What’s the biggest lesson you’ve learned as a writer?

I saw that Dan Barry said that a big lesson for him was that the process gets harder.  That feels true. But for me the process has gotten easier. I am not Sisyphus kicking that stone downhill.  But I feel that I am at least rolling it on a level plain. But it only gets easier if you are willing to relearn the big lessons with each project.  I’m talking about books now.  I’ve written six in twelve years.  I have a process that I borrowed from Bill Howarth’s description of John McPhee.  I need my raw material, my index cards, my file folders, my bulletin board. If I try a shortcut, if I lean too heavily on my experience, if I try to dance over a step, I usually crash to the bottom of the staircase.  Use the process. Follow the steps. Trust the process. You have to trust. Even if it’s not going well at this moment, keep at it. Realize that the imperfection you feel right now is necessary. There was a great bowler from Texas named Billy Welu who used to be a color commentator for televised bowling tournaments.  He would point out that some bowlers with big hooks needed to roll the ball at the edge of the gutter in order for it to curve into the pocket for a strike. “Trust is a must,” he would say in a Texas drawl, “or your game is a bust.”

What’s been the biggest surprise of your writing life?

My biggest surprise as a writer came when I was about 30 years old. It surprised me again when I was about 60 years old.  This had to do with my personal and professional identity. That is, how I identified myself. I meet people all the time who say, “I’m not a writer, but I am working on a novel.”  Or “I write reports at work all day, but I’m not saying I’m a writer.” I play rock and roll piano. And on occasion I hit a golf ball. I am not Jimi Hendrix or Tiger Woods, but I feel comfortable calling myself a musician and a golfer.  I was trained in graduate school to become a young English professor. And I wrote a Ph.D. dissertation about Chaucer, but I did not consider myself a writer. I became a newspaper writing coach, but did not call myself a writer. In 1979 I had about 250 bylines in the St. Petersburg Times.   Finally, it hit me: “You know, Roy, maybe you could be a writer.” It feels crazy in retrospect: becoming a writing coach BEFORE I embraced the identity as a writer. Thirty years later, I could easily say I was a writer and a teacher of writing. Then it happened again. I wrote the book “Writing Tools” – followed by five more with Little, Brown.  LB published Emily Dickinson! “Holy shit,” I thought, “I’m not just a writer – I’m an author!” If you write, you’re a writer. If you auth, you’re an author.

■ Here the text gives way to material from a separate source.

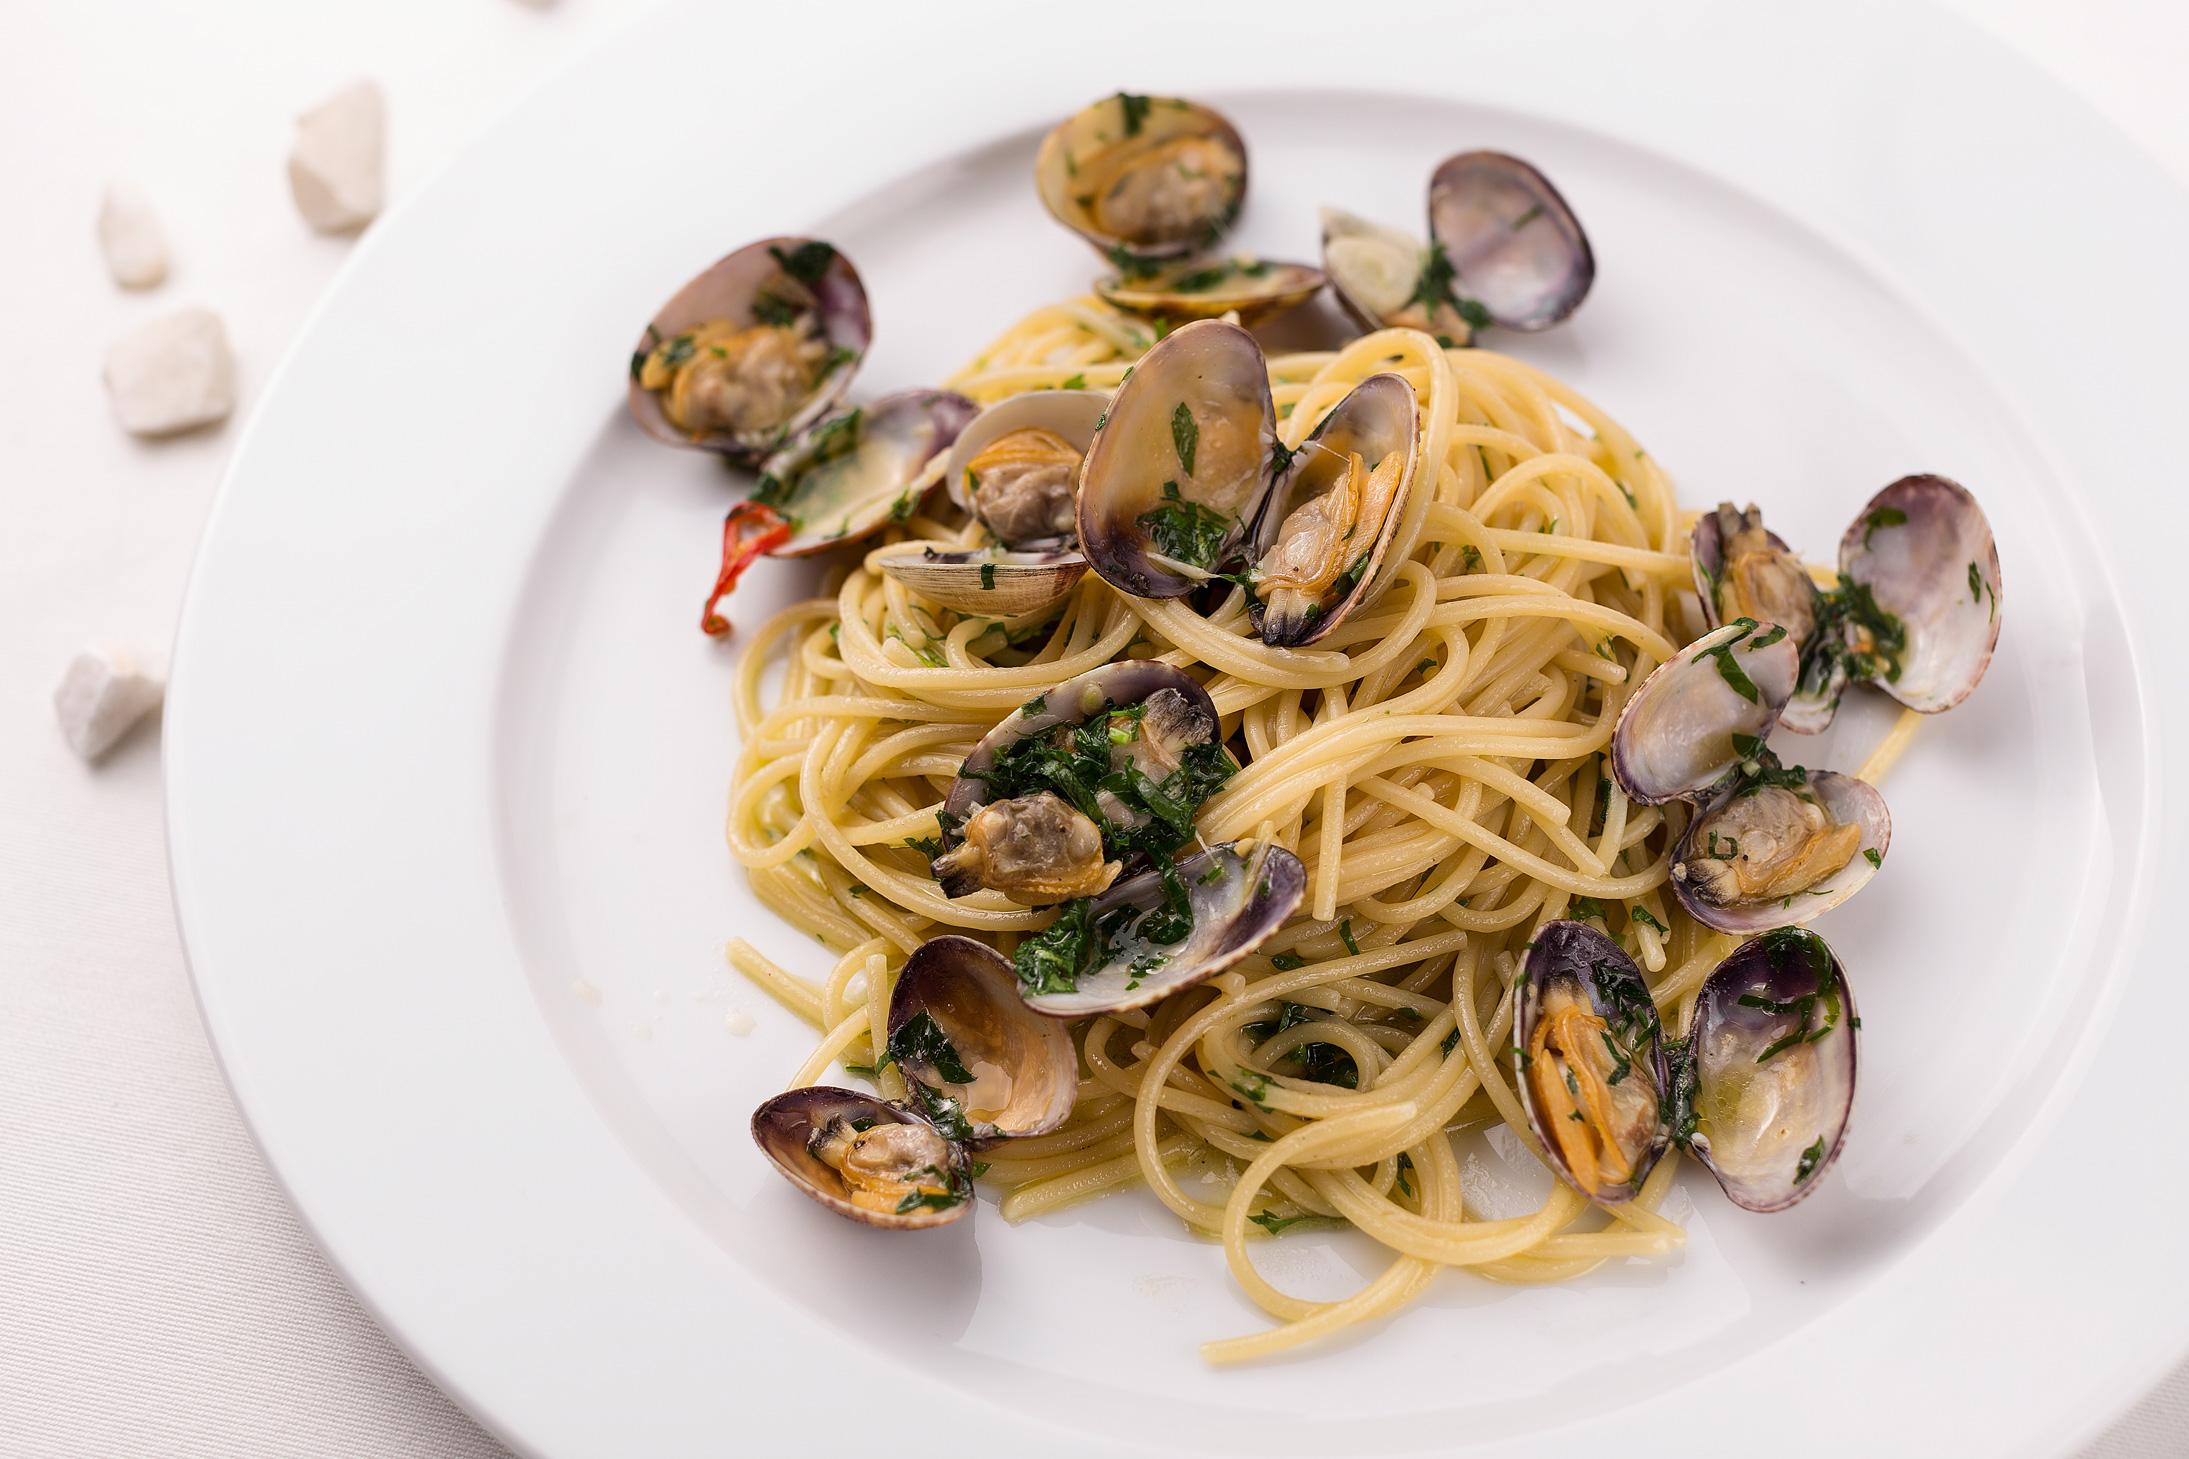 Паста лингвини: рецепты с креветками, морепродуктами, курицей

If you had to choose a metaphor to describe yourself as a writer, what would it be?

I am fascinated by the work of Phoukhoun Phimsthasak, a woman who made her way from Laos to America.  She has an amazing personal story of escape, rescue, renewal, and hard, hard work. My wife and I know her as Jane.  She does manicures and pedicures. As I metaphor, I can think of myself as a nail specialist. I work with an elaborate tool set, and a process that has a set of predictable steps, with some special challenges and surprises along the way.  My mission relates to both utility and beauty, but also to listening and public service. It’s also about relationship building and referral, because there are a lot of nail specialists out there and many of them are good. But I want you to keep coming back to me.



Roy Peter Clark is senior scholar at the Poynter Institute. He has taught writing at every level — to schoolchildren and Pulitzer Prize- winning authors — for more than forty years.  A writer who teaches and a teacher who writes, he has written or edited 19 books, including “Writing Tools”, “The Glamour of Grammar, “”Help! for Writers,” “How to Write Short,” and “The Art of X-Ray Reading.”  His latest — a writing book about writing books — is due out in January:  “Murder Your Darlings: And Other Gentle Writing Advice from Aristotle to Zinsser.”  He lives in St. Petersburg, Florida, hits a golf ball now and then, and plays keyboard in a blues band .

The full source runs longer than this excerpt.